And that's fine, perhaps even laudable in the abstract, but right now it's not
what we should be wasting time on.

> _They can 't really change police department practices_

They could protest. They could donate time and money. They could use their
platform to elevate issues that have a material impact on people's lives. They
aren't obligated to do those things to be good people, and a few of them might
be doing all of the above, but changing computer jargon doesn't even begin to
register on the scales of social justice, it is so utterly meaningless in the
face of what's going on all around us that it's _almost_ insulting, save for
the fact that the idea is overall well intentioned.

------
asjw
Disclaimer: I'm not and English native speaker and there's no equivalent in my
language, in fact they usually are not translated and used in English. (I
mean, there is an equivalent, but it's never used in this context)

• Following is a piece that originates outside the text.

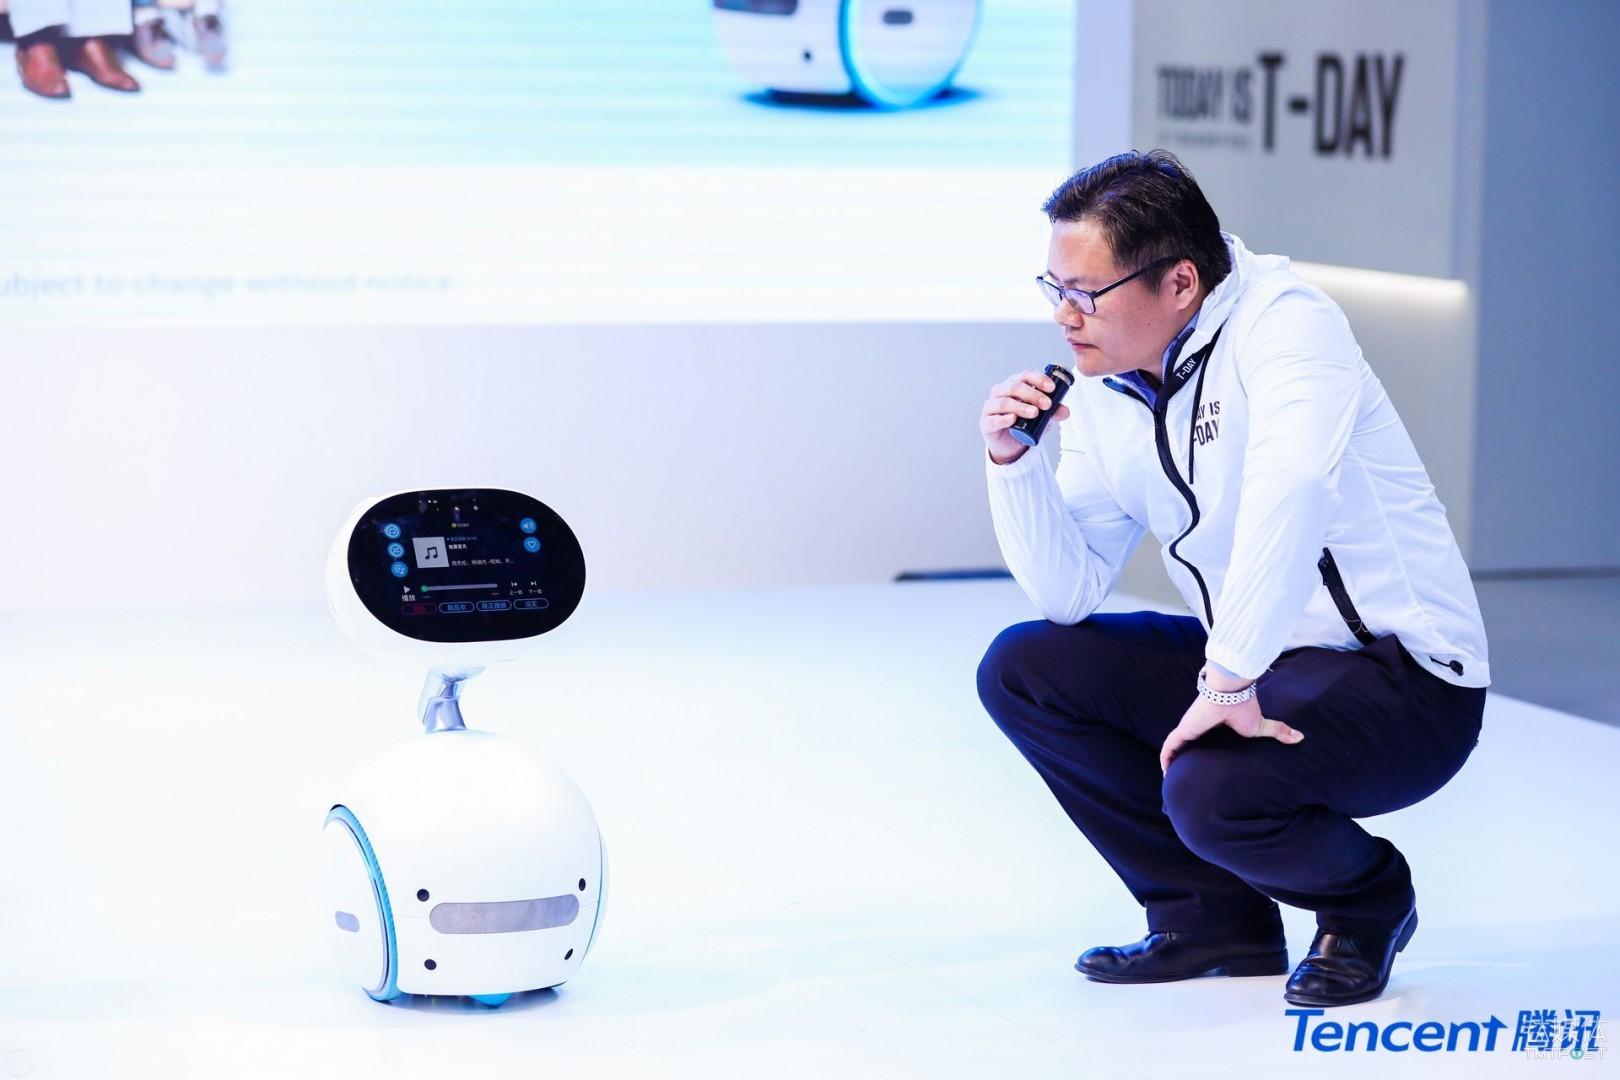 与腾讯小微合作的机器人-Alpha Ebot

My position about this issue is ambivalent.

From a purely human standpoint I understand it, truly.

When we use those terms referring to tools, I don't see much sense.

When men used bulls to pull the plough it really was a master-slave
relationship

The bull could not be the master, even if it wanted too, a human is not strong
enough to pull the plough effectively

It's a symbiotic relation between two elements where one is in charge of the
"intellectual" part and the other of the physical one.

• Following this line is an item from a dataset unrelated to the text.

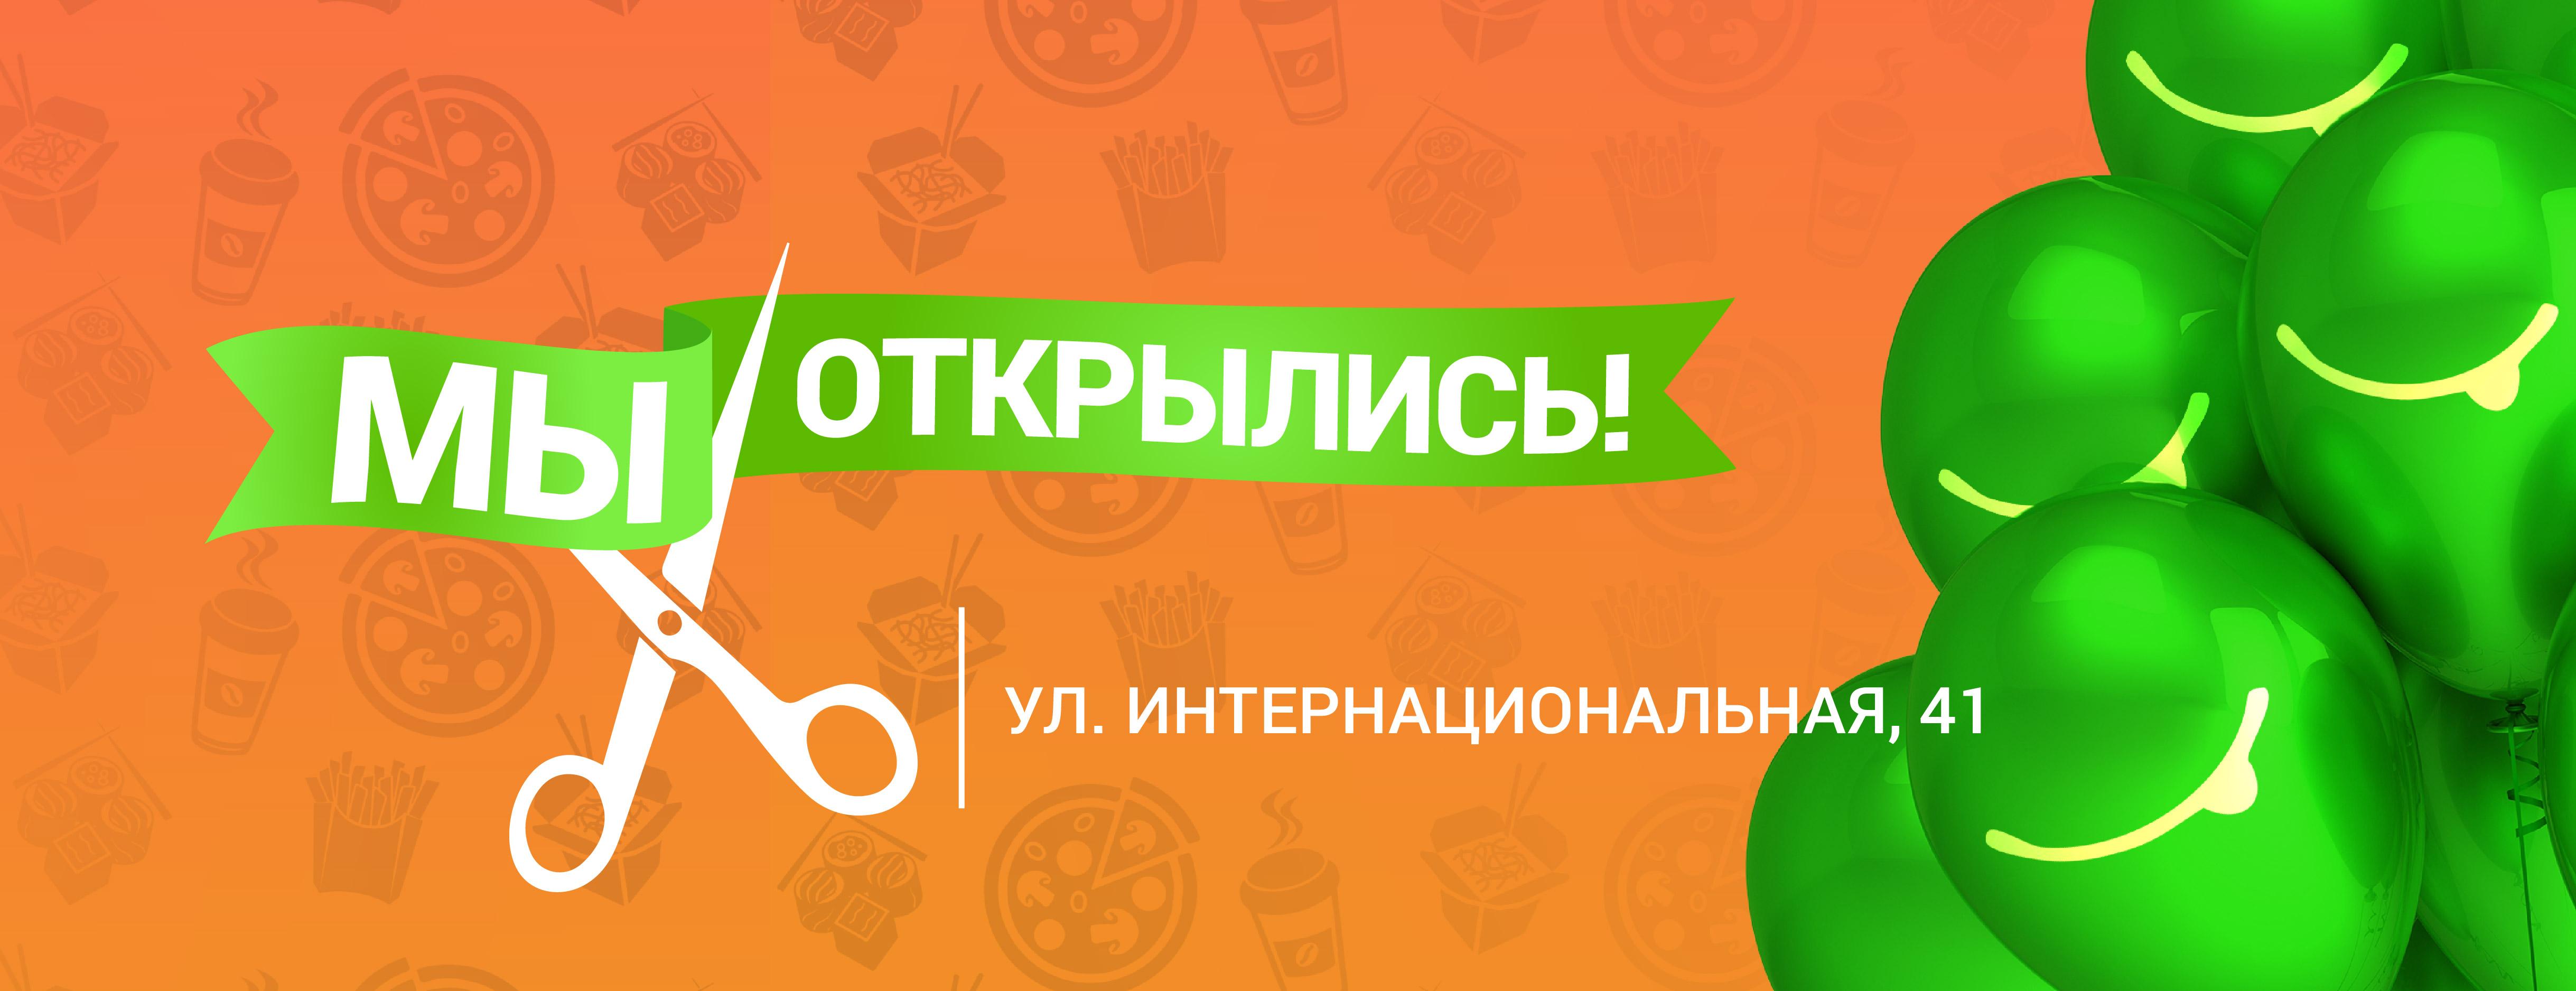 Оранж суши ульяновск официальный сайт меню доставка

We can use controller and agent, but controlling is problematic too

We can use manager and worker, but it still implies that there's a disparity
between the two

Frontend/backend doesn't fully capture what's going on

We use master/slave because one side is taking all the decisions, the other is
just obeying

It's bad, I recognize it, and maybe it's time to change, but no amount of re-
wording will change the fact that it's mainly used nowadays for tools that
work that way, not for people.

Maybe leader/follower looks like a better choice, but really isn't, follower
sounds more dumb to me, at least slaves rebelled throughout history, followers
don't. And a leader can be as bad as a master who owns slaves.

Main/secondary is somewhat the best of them all, but it only works for systems
were any secondary node can be promoted to replace the main in case of
failures, which is not always the case.

Bull/man is not main/secondary for example.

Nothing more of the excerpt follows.